It would be great to be a fly on a wall during and after interviews. It would be even better to be a fly on the wall that used the knowledge gained from the interviews to home your skills for your next interview. If you were that fly, you would recognize there are certain questions that are more important than others. And loaded interview questions are often the most important and often the most difficult regardless of whether you are interviewing for your first real job or you are a seasoned interviewee.
The great thing about loaded interview questions is that once you identify them and the pitfalls they present, you will be able to answer them better than your competition.
The Purpose of Loaded Interview Questions
For this specific blog, loaded interview questions are those questions that can be very problematic to answer. Some loaded interview questions are extremely vague, some require the interviewee to choose between equally unsuitable answers, and others open the door for the interviewee to provide a negative response.

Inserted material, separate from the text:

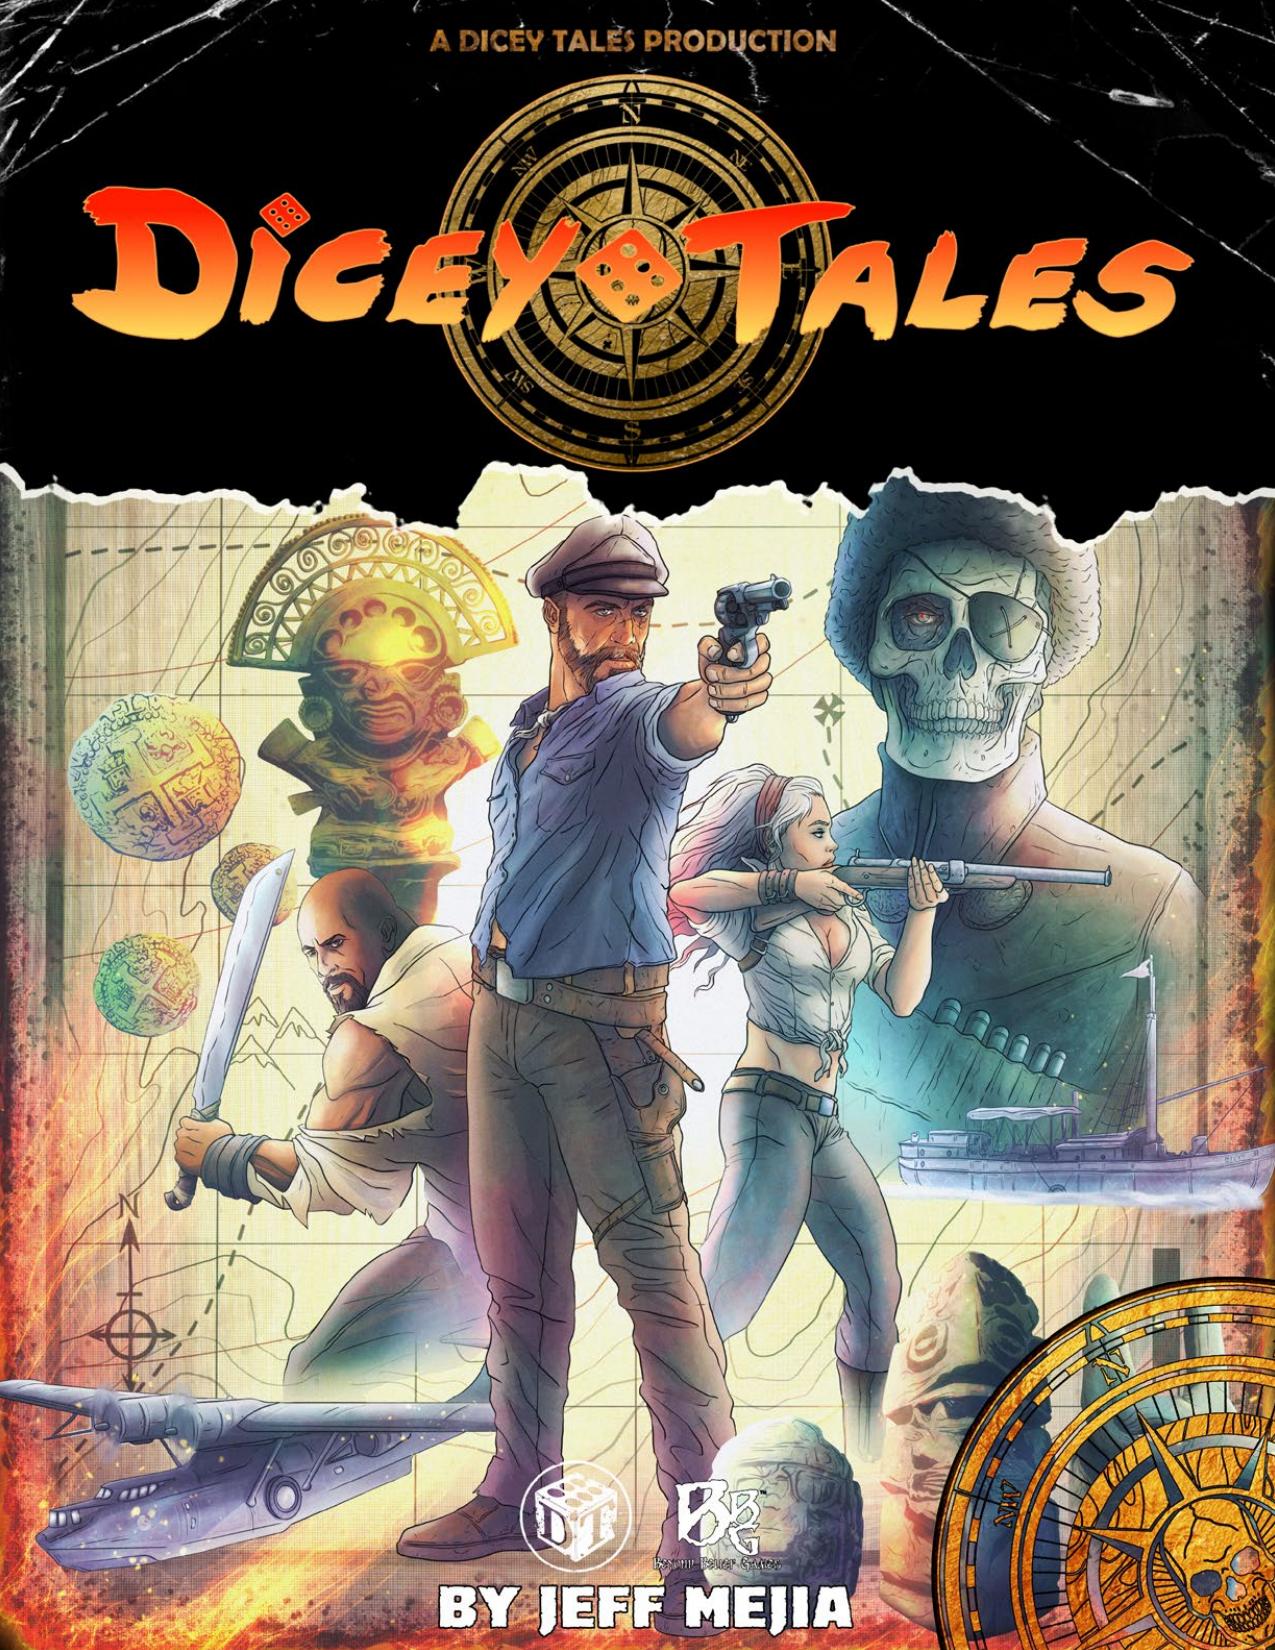 Dicey Tales Pulp Adventure Rules
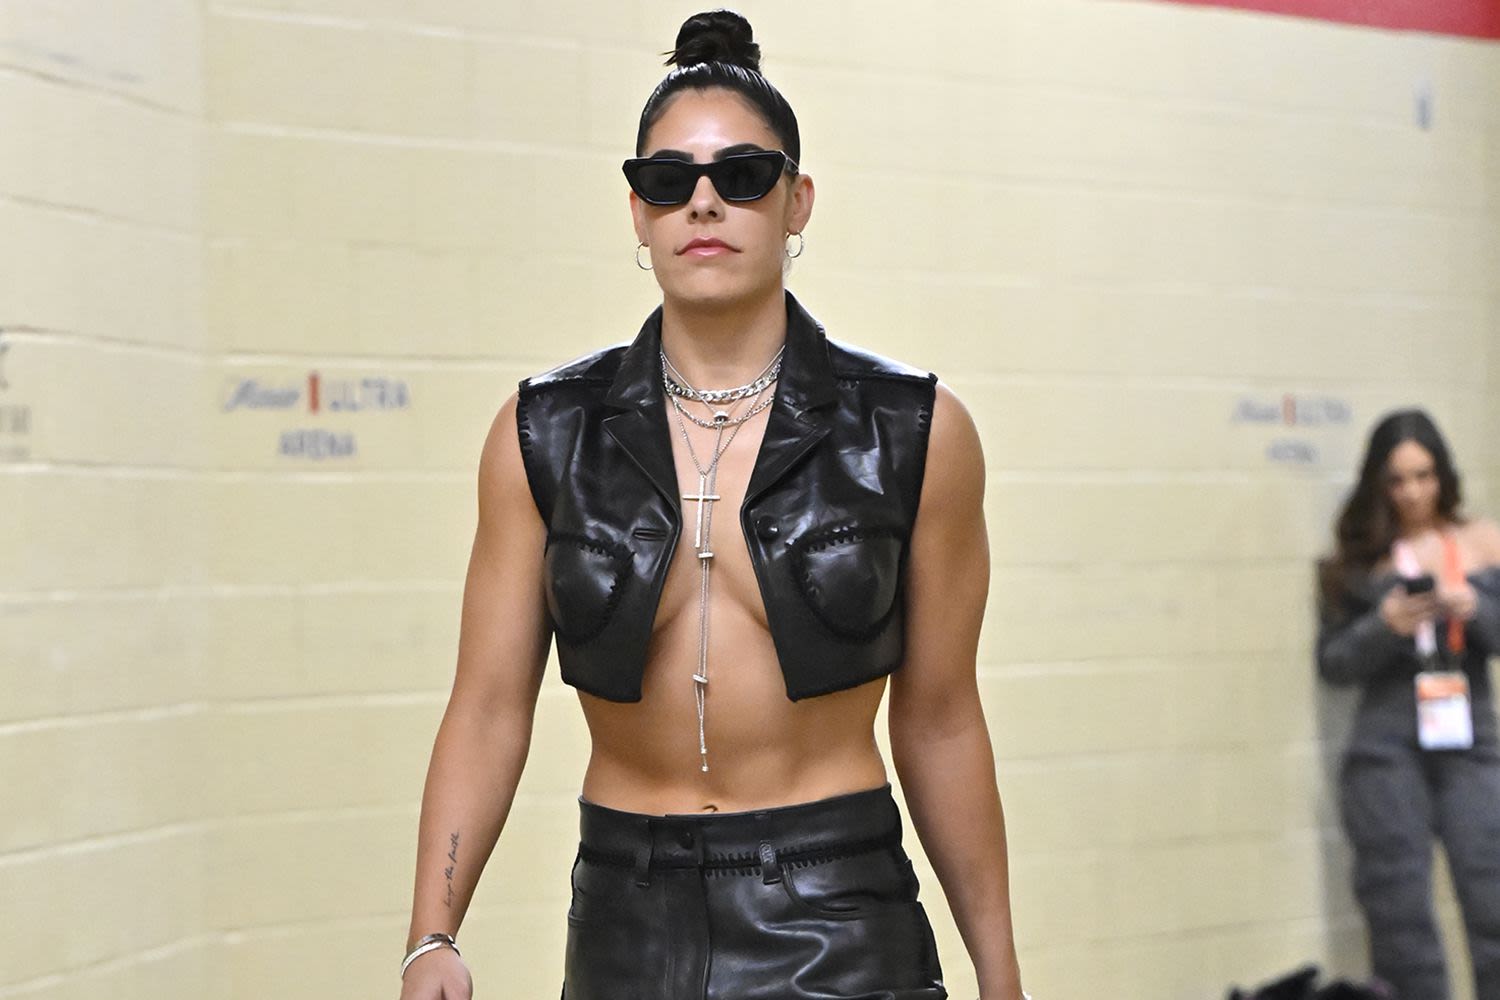 WNBA Star Kelsey Plum Ditches Bra in Leather Vest at Season Opener: See Her Breakover Style Moment

Remember: When answering loaded interview questions, a skilled interviewer will be comfortable with silence. Identify this when answering and know when to stop talking. Many an interview can run off the rails when an interviewee throws in a last, disastrous thought because they felt compelled to keep talking!
Three Loaded Interview Questions to Watch Out for
If you were promoted to your former boss’s position, what would you do differently?
If you haven’t heard, never badmouth your former boss or co-workers. This question invites the interviewee to unload on a former boss’s mistakes, weaknesses, or peccadillos.
In order to answer the question with success, choose stylistic differences you may have with your former boss. State them in a non-emotional way. For instance, you might answer that you may write a weekly newsletter about corporate news because, as an employee, you enjoyed learning what was in the potential work pipeline.
After you explain, you may want to share how positive the experiences were with former bosses and how you learned a great deal in your tenure.
In your opinion, what was the worst aspect of your last job?
(See previous answer.) This question provides you the latitude to criticize the company (versus the boss). It’s a common question and deservedly so, because it might provide insight as to why you are looking for a new job. This is the perfect question to answer with the sandwich feedback model. The meat of the sandwich is the reason for politely informing the interviewer of an aspect of the previous job you found less than fulfilling. The upper and lower bread of the sandwich are positive comments about the job.
Here is an example of the sandwich feedback model. Top piece of bread: “I learned an incredible amount in my last position.” Meat: “But, I am ready for additional responsibility and an expansion of my current skills.” Bottom piece of bread: “I met many talented people in my last position; I will certainly miss them.”
Provide an example of a project in which you were involved that fell short
Do not allow yourself to cast blame on clients, co-workers, or unforeseen circumstances. The interviewer wants to know your understanding of the project, your involvement in why or how the project fell short of expectations, and what and how you learned from the experience.
Past Performance Is an Indicator of Future Behavior
Everyone has likely heard this mantra. Many believe it is not necessarily true because human behavior is so complex. Regardless, always interview with the understanding that interviewers who see you bad-mouth a boss, cast aspersions on co-workers, or play victim concerning your last job, may believe you could treat them the same way if they hire you.
If you can identify and successfully answer loaded interview questions, you have a leg up on your competition.